Мучительнее всякой боли было признать-осознать все происходящее и остаться самой собой. Видеть, что ты подопытное животное и не превратится в зверя. Не кричать от ярости, не плевать из своей клетки на дрессировщиков.

Надо было уцелеть. Любым способом.

Не у кого было спросить, как жить дальше. Нельзя отправить письмо, и, хотя на окнах нет решеток, от высоты, чернеющей за толстыми двойными стеклами, становилось не по себе.

Каждый из нас, конечно, думал, что ему, именно ему повезет… что он крепче и здоровее, и он выживет.

К вечеру одной из новых соседок стало совсем плохо. Тощие руки лежали поверх ее живота, плоского, как пустая наволочка. На теле, от плеч и ниже, не просматривалось никаких выпуклостей, только в самом низу торчали пальцы ног. Она скулила как-то по-собачьи, вытирая слезы казенным вафельным полотенцем, отталкивая от себя утешавшую ее Тоню.

– Помирать страшно, – безголосо тянула она. И все чувствовали, что это действительно страшно.

– Смерти нет! – Будто от сильного рывка качнулась стрелка прибора, рисовавшего на ленте неровную кривую. – Смерти нет!, – отдалось эхом в металлическом ящике, за которым не видно было Анны Лузгай. И почему-то мне хоть на секунду почудилось, что смерти действительно нет.

– Ну, а ты чего раскисла? – наклоняется ко мне Тоня. –Тоже помирать собралась?
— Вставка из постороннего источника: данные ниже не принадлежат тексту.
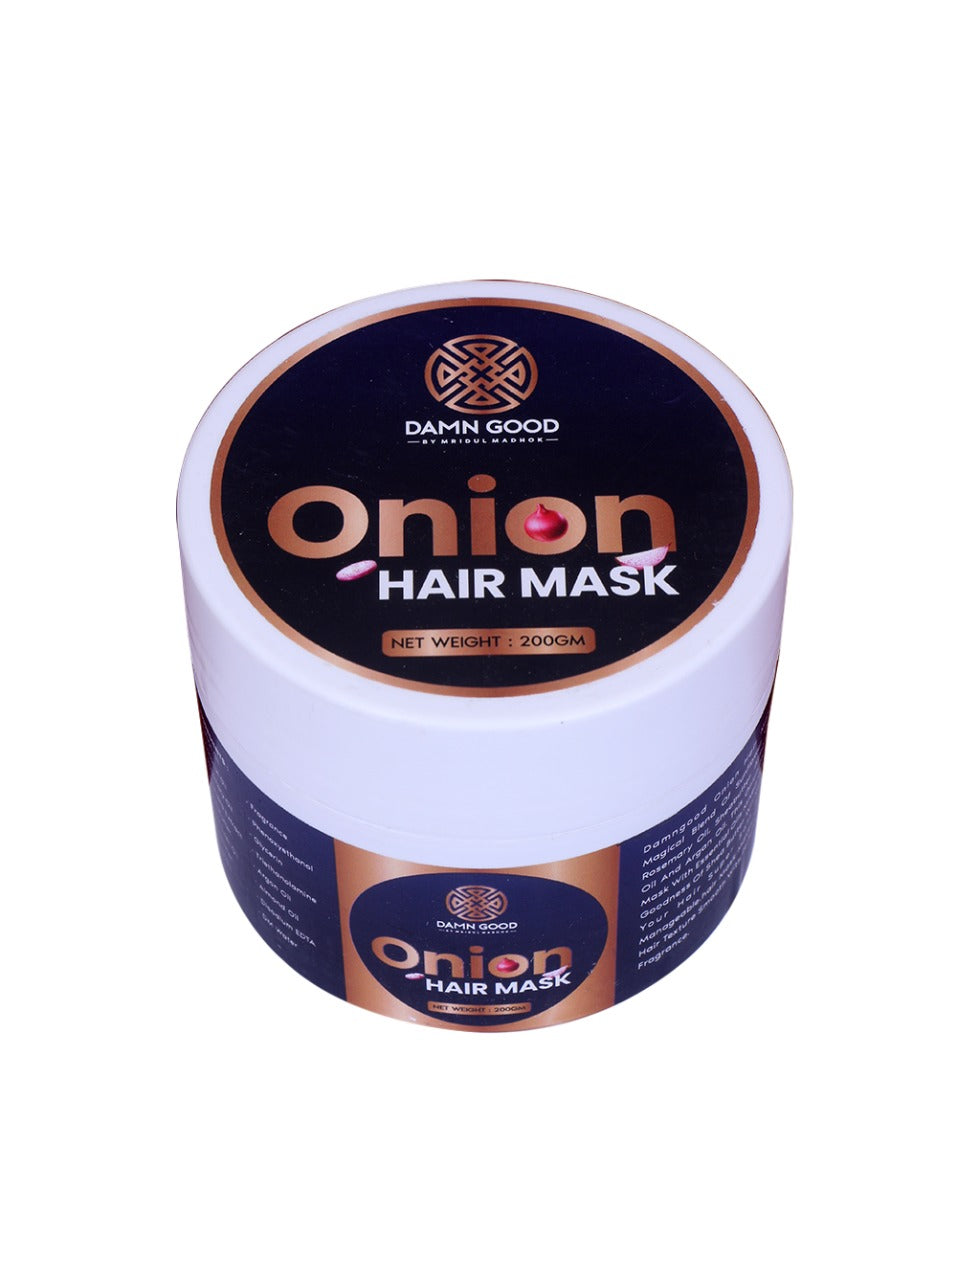 DamnGood Onion Hair Mask 200 GM
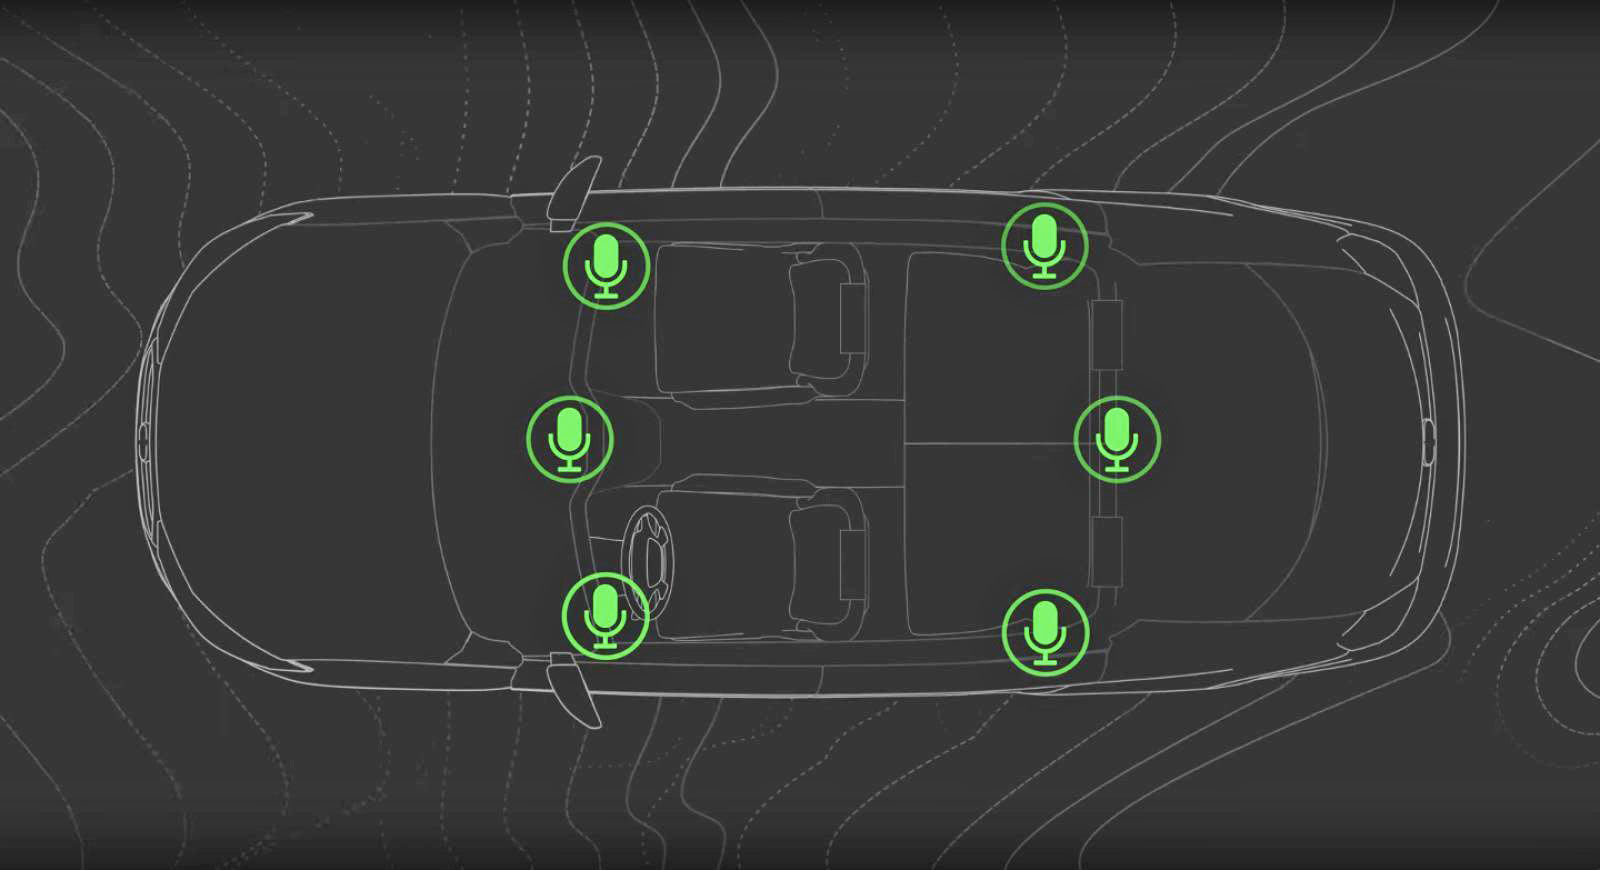 Bose 自動車の走行ノイズを消す車載音響技術 Quietcomfort Road Noise Control を発表 Engadget 日本版

Вечером струпья на ее лице почти сливаются с ее рыжеватыми волосами, отчего ее открытое, все чувства наружу, лицо будто в пламени. Горит женщина!

– Нагляделась солдатня на тебя… Ничего, Любочка. Лишь бы пороху у тебя хватило… Галя сказала, что на лекции ты чуть в обморок не упала.

Галя улыбнулась удовлетворенно: – Пришлось выручать…

– Чудачки вы мои! Мы для них не женщины. И уж точно не люди…

– Пойми, Тоня! Сегодня лекции, вчера расписку тянули, пугали, что без расписки лечить не будут, – жалуюсь я. А подпиши и виноватых нет. Поправишься, иди домой и доказывай потом, что черное – это белое. Да кто тебя слушать будет? … Тоничка, дорогая, что же делать? Глумятся, как хотят. Мне такой укол закатили, что сам себе смертный приговор подпишешь.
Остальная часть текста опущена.